The Database interface is simply the composition of KeyValueStore and AncientStore. This design means you can pass a KeyValueReader when you only need read access, or a full Database when you need everything. LevelDB and Pebble both implement KeyValueStore, and the ancient freezer implements AncientStore.

Tip: The memorydb package provides a full in-memory implementation of KeyValueStore — invaluable for testing. When Node runs with no data directory, it automatically uses memorydb, enabling fully ephemeral nodes for development.

The Merkle Patricia Trie Implementation

The trie.Trie struct implements Ethereum's Modified Merkle Patricia Trie — the authenticated data structure that makes state roots possible:

type Trie struct {
    root  node
    owner common.Hash
    committed   bool
    unhashed    int
    uncommitted int
    reader      *Reader
}

The trie uses four node types internally: fullNode (branch nodes with 16 children + value), shortNode (extension/leaf nodes with a key fragment), hashNode (a reference to a node stored in the database), and valueNode (raw leaf data). Operations on the trie — Get, Update, Delete — work by traversing this node tree, with hashNode references resolved lazily from the database.

Ethereum maintains two kinds of tries: the account trie (mapping addresses to account data) and storage tries (one per contract, mapping storage slots to values). The StateDB coordinates both: each stateObject holds a reference to its contract's storage trie.

flowchart TD
    STATE_ROOT["State Root Hash"] --> ACCOUNT_TRIE["Account Trie"]
    ACCOUNT_TRIE --> ACCT_A["Account A<br/>nonce, balance,<br/>storageRoot, codeHash"]
    ACCOUNT_TRIE --> ACCT_B["Account B<br/>nonce, balance,<br/>storageRoot, codeHash"]
    ACCT_A --> STORAGE_A["Storage Trie A<br/>slot → value"]
    ACCT_B --> STORAGE_B["Storage Trie B<br/>slot → value"]

When StateDB.Commit() is called at the end of block processing, all modified state objects flush their changes to their respective tries, the tries compute new root hashes, and the resulting trie nodes are collected into a node set for the TrieDB to persist.

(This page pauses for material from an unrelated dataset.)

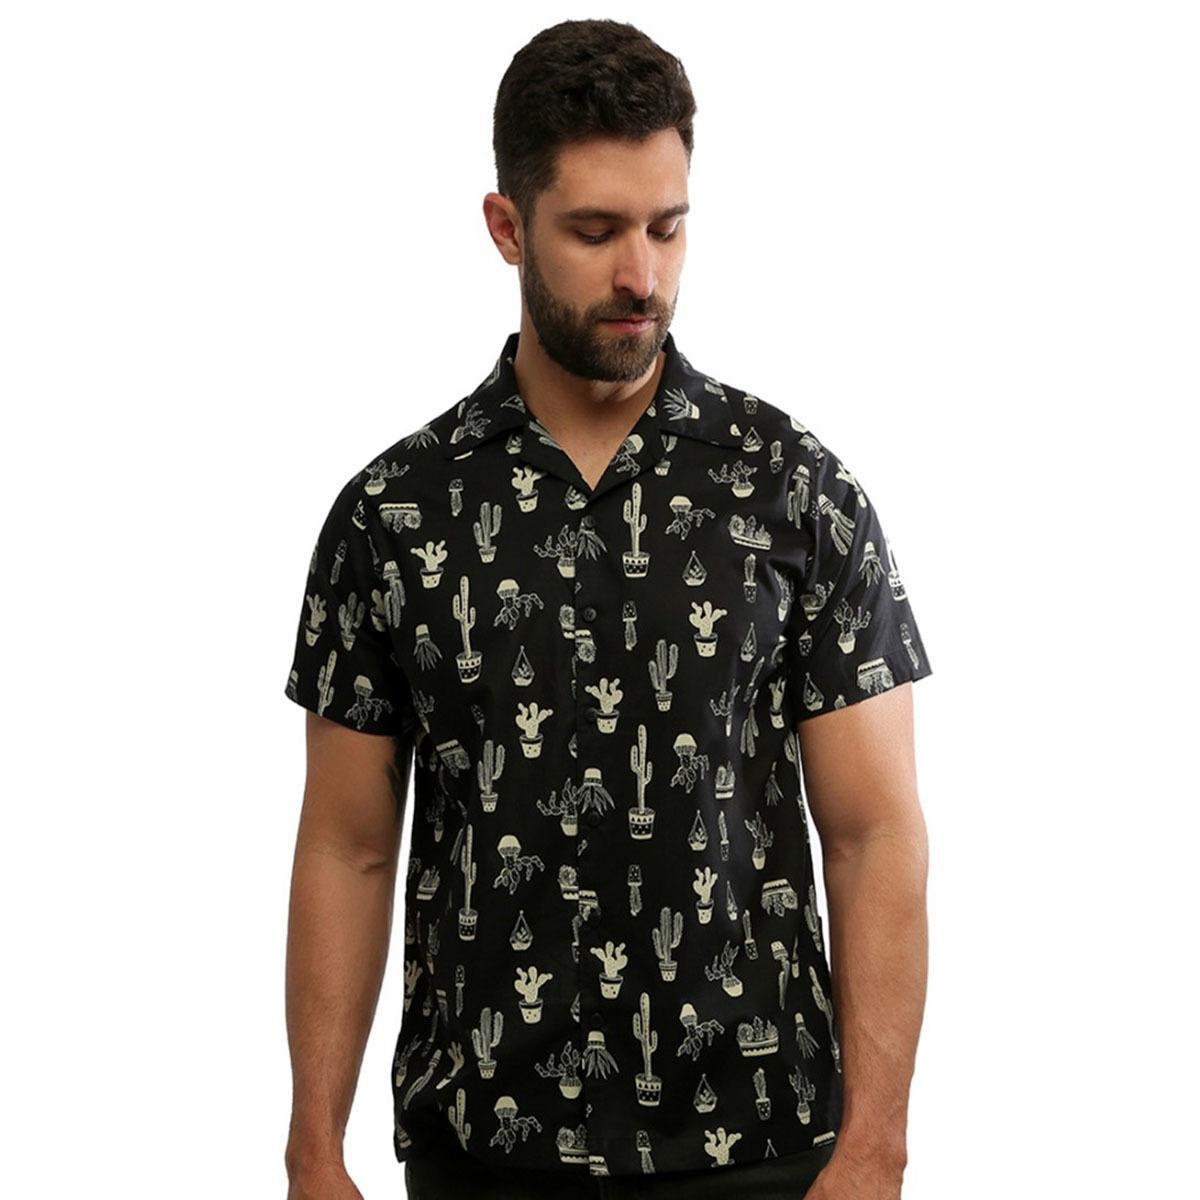 Camisa masculina manga curta estampada com botão 100% algodão Arizona - Hardivision

Hash-Based vs. Path-Based Trie Storage

The triedb.Database wraps a backend interface that abstracts over two fundamentally different storage strategies:

type Database struct {
    disk      ethdb.Database
    config    *Config
    preimages *preimageStore
    backend   backend
}

The backend interface requires NodeReader, StateReader, Size, Commit, and Close. The two implementations are:

Hash-based scheme (hashdb): Trie nodes are keyed by their hash. Simple and battle-tested, but pruning is expensive — you need reference counting to know when a node is no longer reachable, and garbage collection requires traversing the entire state.

Path-based scheme (pathdb): Trie nodes are keyed by their path in the trie. This enables efficient state history — you can keep diffs between versions and prune old states by simply deleting layers. This scheme also makes state healing during snap sync more efficient.

flowchart LR
    subgraph "Hash-Based (hashdb)"
        direction TB
        H1["Node hash → node data"]
        H2["Reference counting for GC"]
        H3["Full state required for pruning"]
    end
    subgraph "Path-Based (pathdb)"
        direction TB
        P1["Trie path → node data"]
        P2["Layered diffs (disk + memory)"]
        P3["Efficient pruning by layer removal"]
    end

The selection happens in NewDatabase():

if config.PathDB != nil {
    db.backend = pathdb.New(diskdb, config.PathDB, config.IsVerkle)
} else {
    db.backend = hashdb.New(diskdb, config.HashDB)
}

The path-based scheme is the newer design, introduced to solve the growing cost of state pruning as Ethereum's state size increases. It stores state history as a stack of diff layers on top of a flattened disk layer, enabling both efficient lookups and bounded historical state access.

The Config struct makes the choice explicit:

type Config struct {
    Preimages bool
    IsVerkle  bool
    HashDB    *hashdb.Config
    PathDB    *pathdb.Config
}

Setting HashDB activates hash-based storage; setting PathDB activates path-based. Setting both is a fatal error.

State Snapshots and the Ancient Freezer

Beyond the trie itself, Geth maintains two additional storage mechanisms that dramatically improve performance.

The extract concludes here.